Is the pseudoinverse the same as least squares with regularization?

Yes, they are connected.

  1. The first problem is a special case of the second when $\lambda=0$, if the first problem has a unique solution (i.e., $\ker A = 0$), or if the second is also formulated as a double minimization "$\min \|x\|$ such that $x$ minimizes $\|Ax-b\|^2+\lambda \|x\|^2$".

But there is also a reduction in the other direction:

  1. The second problem is a special case of the first with slightly different matrices, because $$ \| Ax - b \|^2 + \lambda \| x \|^2 = \left\| \begin{bmatrix} A\\ \sqrt{\lambda}I \end{bmatrix} x - \begin{bmatrix}b\\0\end{bmatrix} \right\|^2. $$ This reduction works without imposing any additional conditions, because $\ker \begin{bmatrix} A\\ \sqrt{\lambda}I \end{bmatrix} = 0$ always (thanks to that full-rank second block). So if you have an algorithm to solve full-rank least-squares problems you can also apply it to solve Tikhonov-regularized least-squares problems.

EDIT: made additional conditions clearer to answer the comments.


Here's one way to see this directly. I will assume that $A$ is $m \times n$. Let $$ A = U \Sigma V^T$$ be the SVD for A. Recall that the regularized solution to the least squares problem $Ax = b$ is given by $$\hat{x} = (A^TA + \lambda I)^{-1}A^Tb.$$ Now substitute the SVD of $A$ in place of $A$. Simplifying algebra, we get that $$\hat{x} = V(\Sigma^T \Sigma + \lambda I)^{-1} \Sigma^T U^T b. \hspace{1cm} (\ast) $$ OTOH, the solution by considering the pseudoinverse is given by $$ A^+b = V\Sigma^+ U^Tb.\hspace{3cm} (\ast\ast) $$ Therefore, $(\ast)$ and $(\ast \ast)$ are equivalent (in the limit) if $$\Sigma^+ = \lim_{\lambda \to 0} (\Sigma^T \Sigma + \lambda I)^{-1} \Sigma^T.$$

Without referring to the arxiv preprint in G. Fougeron's answer, let us show this as follows. Let $\sigma_1,\ldots, \sigma_r$ be the singular values of $A$. By direct computation, we find that $\Sigma^T \Sigma + \lambda I $ is the $n \times n$ diagonal matrix given by $$ \Sigma^T \Sigma + \lambda I = \begin{pmatrix} \sigma_1^2 + \lambda & \\ & \ddots \\ && \sigma_r^2 + \lambda \\ &&& \lambda \\ &&&& \ddots \\ &&&&&\lambda \end{pmatrix}$$

Since this is diagonal, it is easy to invert and therefore $ (\Sigma^T \Sigma + \lambda I)^{-1}\Sigma^T$ is given explicitly as the $n \times m$ matrix

$$(\Sigma^T \Sigma + \lambda I)^{-1}\Sigma^T = \left(\begin{array}{ccc|cc} \frac{\sigma_1}{\sigma_1^2 + \lambda} & \\ & \ddots &&&0 \\ && \frac{\sigma_r}{\sigma_r^2 + \lambda} \\ \hline &&& \\ &0&&& 0 \\ &&&&& \end{array}\right). $$ with top-left block a digonal $r \times r$ matrix. In the limit as $\lambda \to 0$, the top-left block is just $$\begin{pmatrix} \frac{1}{\sigma_1} \\ &\ddots\\ && \frac{1}{\sigma_r} \end{pmatrix} $$ and hence the entire matrix is just $\Sigma^+$ as desired.
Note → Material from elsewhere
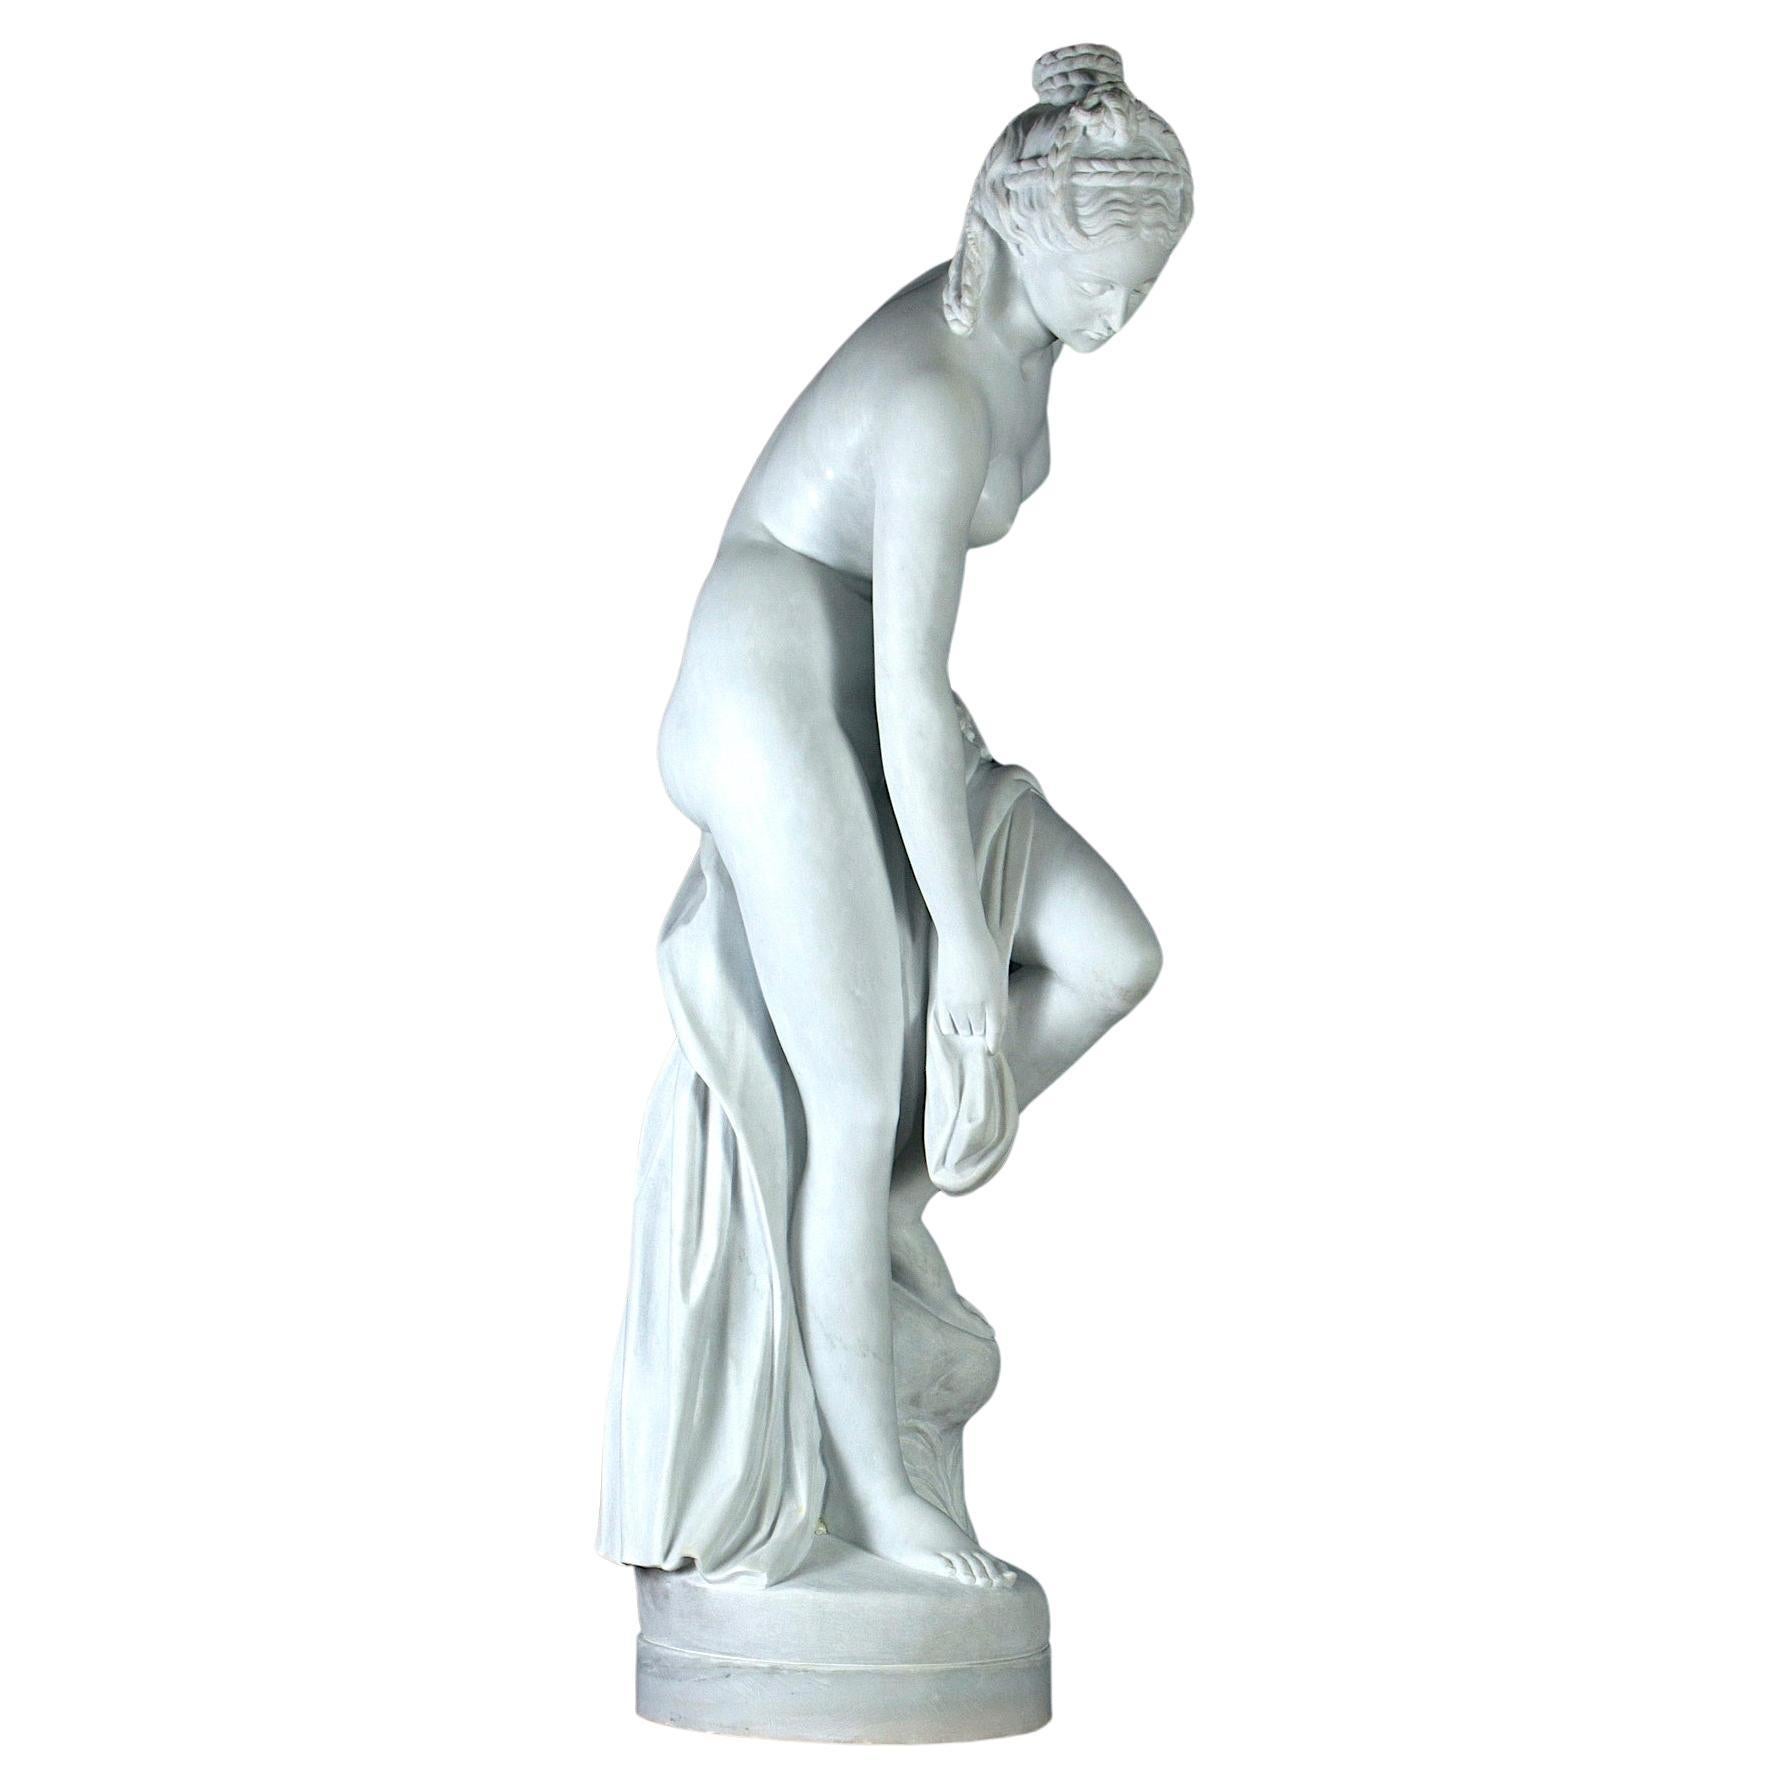  Fabulous French Neoclassical Marble Sculpture of Bathing Venus 1880' For Sale

TL;DR : Yes, the two problems are equivalent in the limit $\lambda \rightarrow 0$ !

One freely available reference is the following (excellent in my opinion) review paper : https://arxiv.org/abs/1110.6882

Specifically, your question is addressed on Theorem 4.3 of this paper on Tikhonov’s Regularization.